# Bozeman's Best.



## Eldnur (May 28, 2010)

...............


----------



## Eldnur (May 28, 2010)

.........


----------



## Zampano (Aug 7, 2005)

Excellent. I hope to order a Strong frame this Fall. How would you rate the paint quality, and what are the color names?


----------



## gomango (Aug 30, 2006)

Now that is an eye-catching bike, without question.

Practical as well.


----------



## innergel (Jun 14, 2002)

Carl must love Canada. He built an identical bike for a guy I know up in BC :wink: 

Whenever I see pics of this bike, I see something new. This time it's the beefy chainstays and the Strong logo on the seat post collar. S&S couplers are very intriguing as well.


----------



## tconrady (May 1, 2007)

Does that make your 4th or 5th Strong! 

Tell me about the steel fork. I've never ridden one. You like?


----------



## indysteel (Jul 21, 2006)

Nice!!! I hope you're enjoying it immensely!


----------



## Bertrand (Feb 1, 2005)

Great looking bike! What kind of WB cages are those?


----------



## Eldnur (May 28, 2010)

................


----------



## innergel (Jun 14, 2002)

TMB_2.0 said:


> *Innergel - smart ass. *Thank you. I really like those chainstays a lot.


You were expecting something different


----------



## Eldnur (May 28, 2010)

innergel said:


> You were expecting something different



Fair point.

Nope, not really.


----------



## innergel (Jun 14, 2002)

TMB_2.0 said:


> Bertrand - The cages are house brand at velo-orange ( www.velo-orange.com ) , I like them, they do a better job of holding the bottle than most. I really hope you are getting somewhat better weather than we are. Ours is frightful, still.


I like all the VO stuff I've bought. High quality across the board. Hard to go wrong with those guys.

You might consider some Arundel SS cages next time. I put them on my MXL and they are fantastic too. And only like $22/each.


----------



## Eldnur (May 28, 2010)

.........


----------



## innergel (Jun 14, 2002)

TMB_2.0 said:


> You mean, like these .........


I really should have known you would have tried them already. 

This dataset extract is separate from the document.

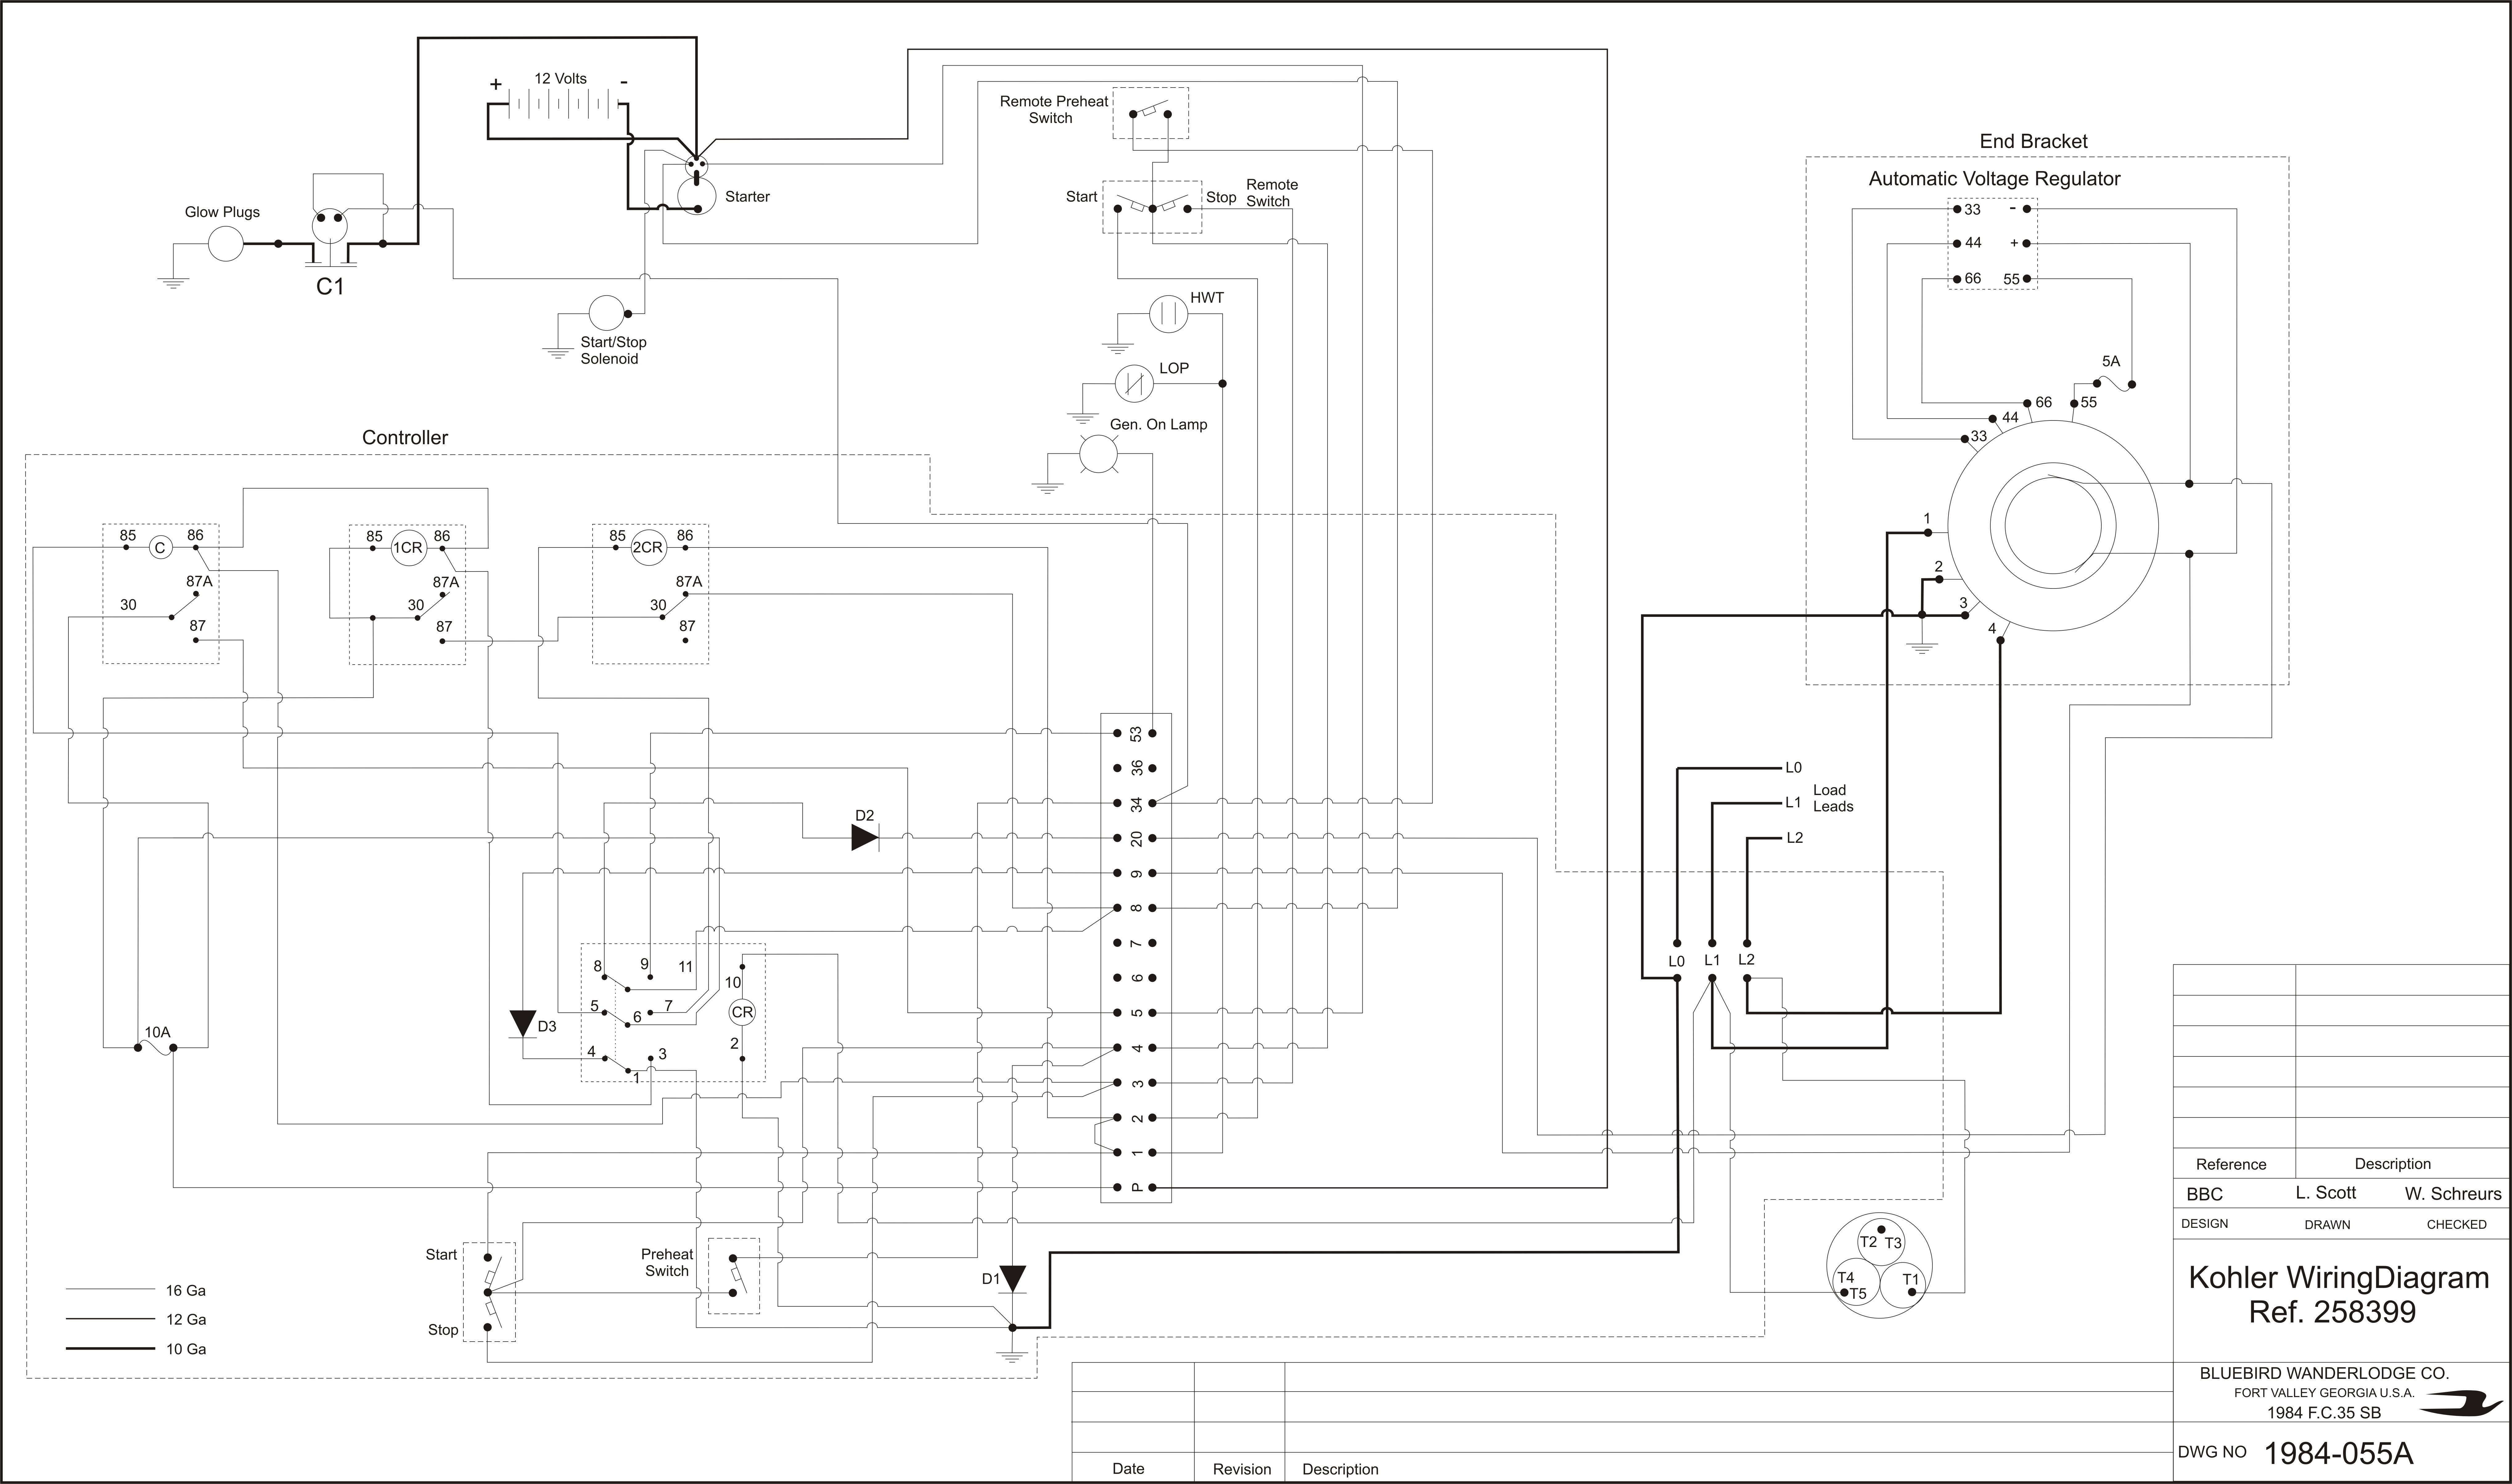 Wiring Diagrams 1998 Bluebird Library. 2002 Bluebird Bus Wiring Diagram Schematic. Wiring. Blue Bird Wiring Diagram 2002 At Scoala.co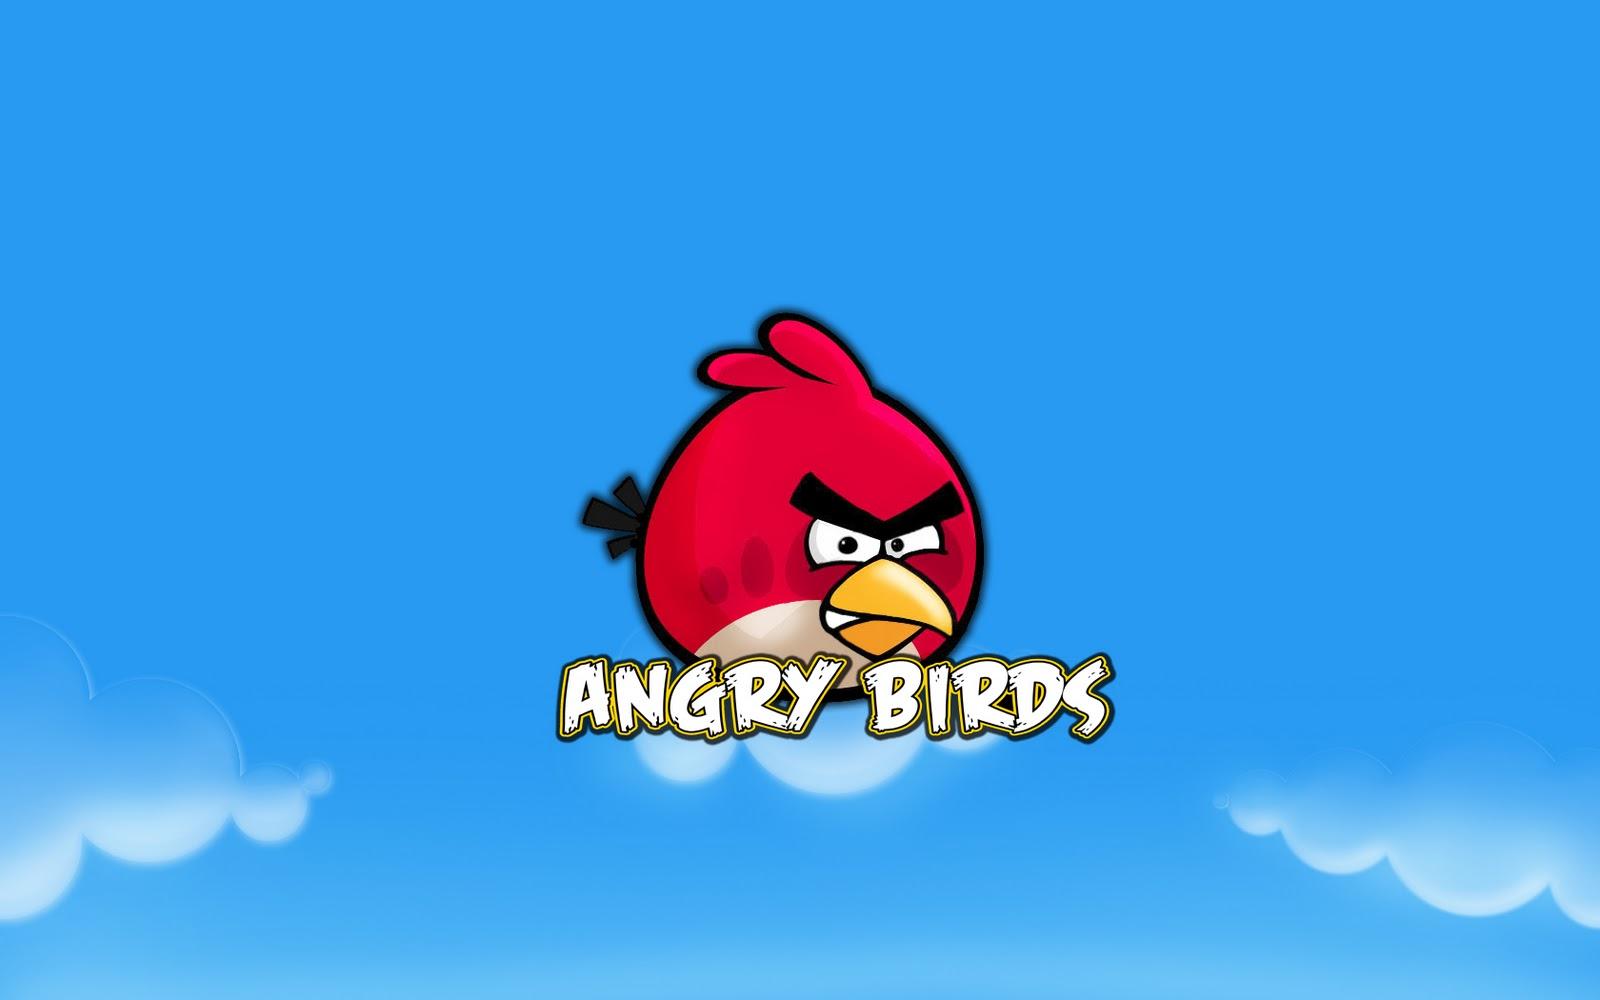 Angry Bird Wallpaper Art Poster Hd Zeromin0

And the Peg = dang. I completely forgot about that bike.


----------



## kiwisimon (Oct 30, 2002)

I really like the pics on this thread. TMB, any stable shots?


----------



## sw3759 (Jul 10, 2004)

*why the 1 1/8th head tube?*

congrats on a great looking bike!
i'm a little curious as to how you ended up with a 1 1/8 head tube on a bike designed around a steel fork since most builders view that as overkill?
i do share your opinion that a steel fork has a much nicer road feel than a carbon one in my experience,at least with a steel frame.

Scott


----------



## Eldnur (May 28, 2010)

..............


----------



## Zampano (Aug 7, 2005)

TMB_2.0 said:


> Zampano - Do order a Strong. The process is wonderful, Carl is a pure gentleman to deal with and the finished product is a jewel. The "paint" in fact is powder-coat, and is spectacular. Very good quality. The colours are Pure White and Candy Apple Red with a purple tinged pearl top coat.




TMB,
How would you describe the powder coat compared to a wet coat paint job by say, JB or T Kellogg at Spectrum?


----------



## Vitix2 (Aug 5, 2008)

I just built up a new Strong frame a few weeks ago. It has a really nice ride and the benefits of custom geometry can really be felt. Dealing with Carl Strong was a pleasant process and I learned a great deal about what my optimal position on a bike should be. It is the most comfortable frame that I have ever ridden. Stiff and comfortable, which is almost an oxymoron. The angles provide support exactly where I need it, and that means I stay fresh and physically unstressed.


----------



## NealH (May 2, 2004)

Great looking bike. Well thought out and executed. I don't know of a better builder than Strong.


----------



## Bob Ross (Apr 18, 2006)

That is hawt...and far too rarified a bike to deserve this pedestrian question, but I gotta ask anyway:

What's the total as-built weight?


----------



## Bob Ross (Apr 18, 2006)

Bob Ross said:


> That is hawt...and far too rarified a bike to deserve this pedestrian question, but I gotta ask anyway:
> 
> What's the total as-built weight?




^^^ Moot point, as I'll find out soon enough: I just placed an order with Carl! woo-hoo!


----------



## tconrady (May 1, 2007)

Bob Ross said:


> ^^^ Moot point, as I'll find out soon enough: I just placed an order with Carl! woo-hoo!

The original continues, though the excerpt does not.